BACKGROUND: ENCORE, an observational, prospective, open-label study, investigated real-world treatment practices and outcomes with cetuximab plus platinum-based therapy (PBT) in first-line (1L) recurrent and/or metastatic squamous cell carcinoma of the head and neck (R/M SCCHN).

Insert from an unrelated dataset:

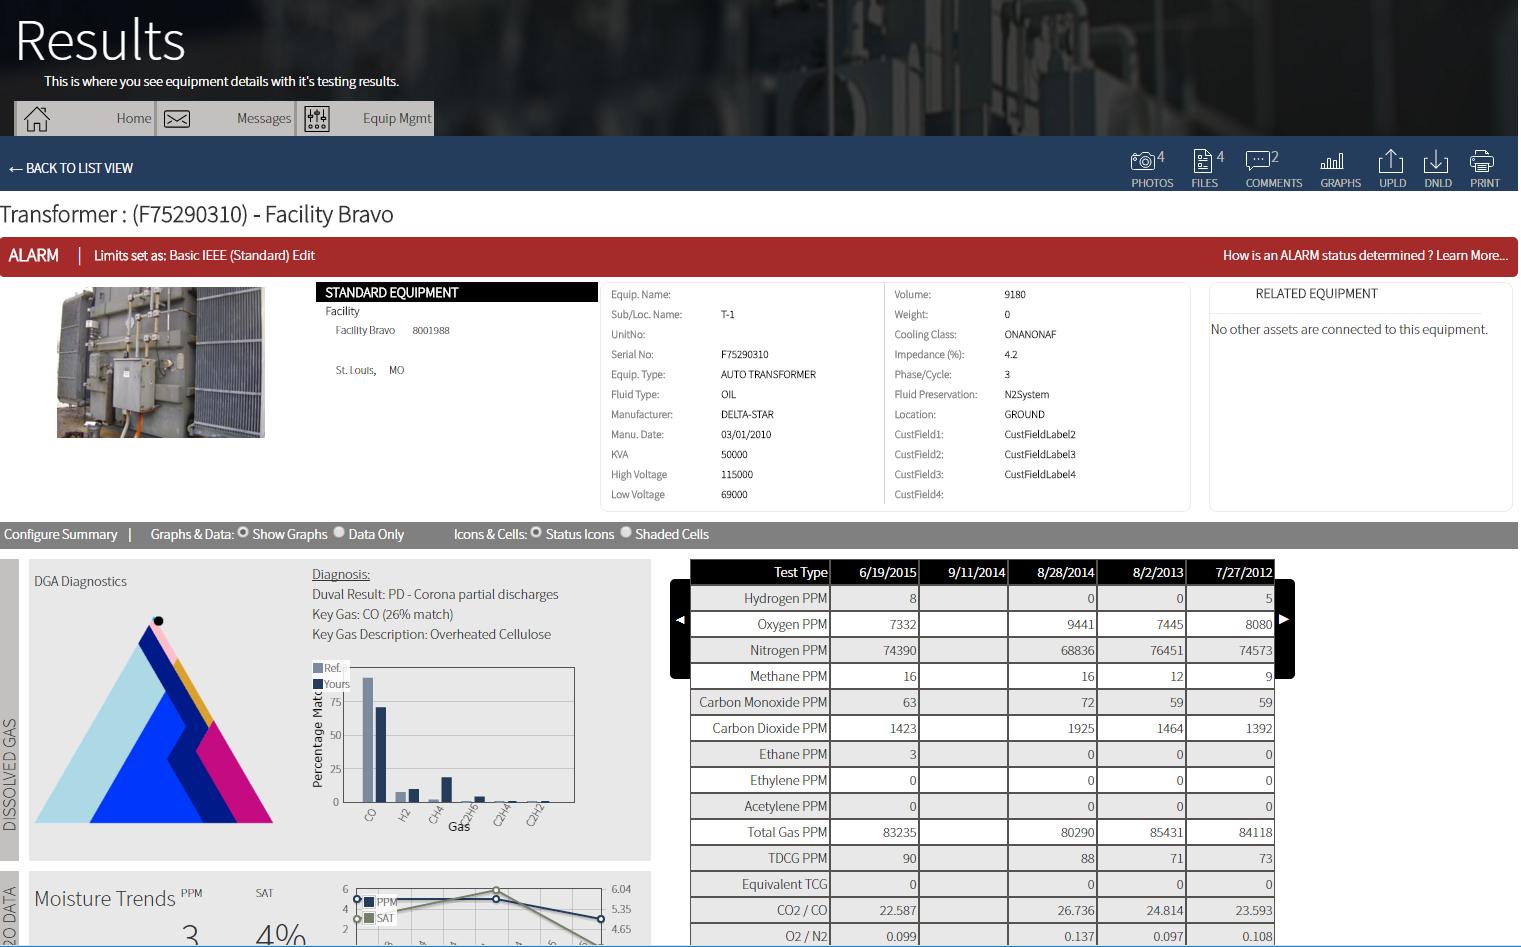 SiteLine Software - Equipment report

AIMS: This multinational study aimed to investigate the long-term use of cetuximab plus PBT for 1L R/M SCCHN in a clinical setting. In particular, this study aimed to explore clinical considerations such as the decision to prescribe cetuximab plus PBT in R/M SCCHN, the mode and duration of treatment, and patient outcomes. METHODS AND RESULTS: Previously untreated patients with R/M SCCHN whose planned treatment was cetuximab plus PBT were enrolled from 6 countries. Among 221 evaluable patients, planned treatments included cetuximab plus carboplatin (31.2%), cisplatin plus 5-fluorouracil (31.7%), or carboplatin plus 5-fluorouracil (23.1%); 3.2% included a taxane, and 45.2% did not include 5-fluorouracil. Cetuximab treatment was planned for a fixed duration (≤24 weeks) in 15 patients (6.8%) and until disease progression in 206 (93.2%). Median progression-free survival and overall survival were 6.5 and 10.8 months, respectively. Grade ≥3 adverse events occurred in 39.8% of patients. Serious adverse events occurred in 25.8% of patients; 5.4% were cetuximab-related. CONCLUSION: In patients with R/M SCCHN, first-line cetuximab plus PBT was feasible and modifiable in a real-world setting with similar toxicity and efficacy as in the pivotal phase III EXTREME trial. CLINICAL TRIAL REGISTRATION NUMBER: EMR 062202-566.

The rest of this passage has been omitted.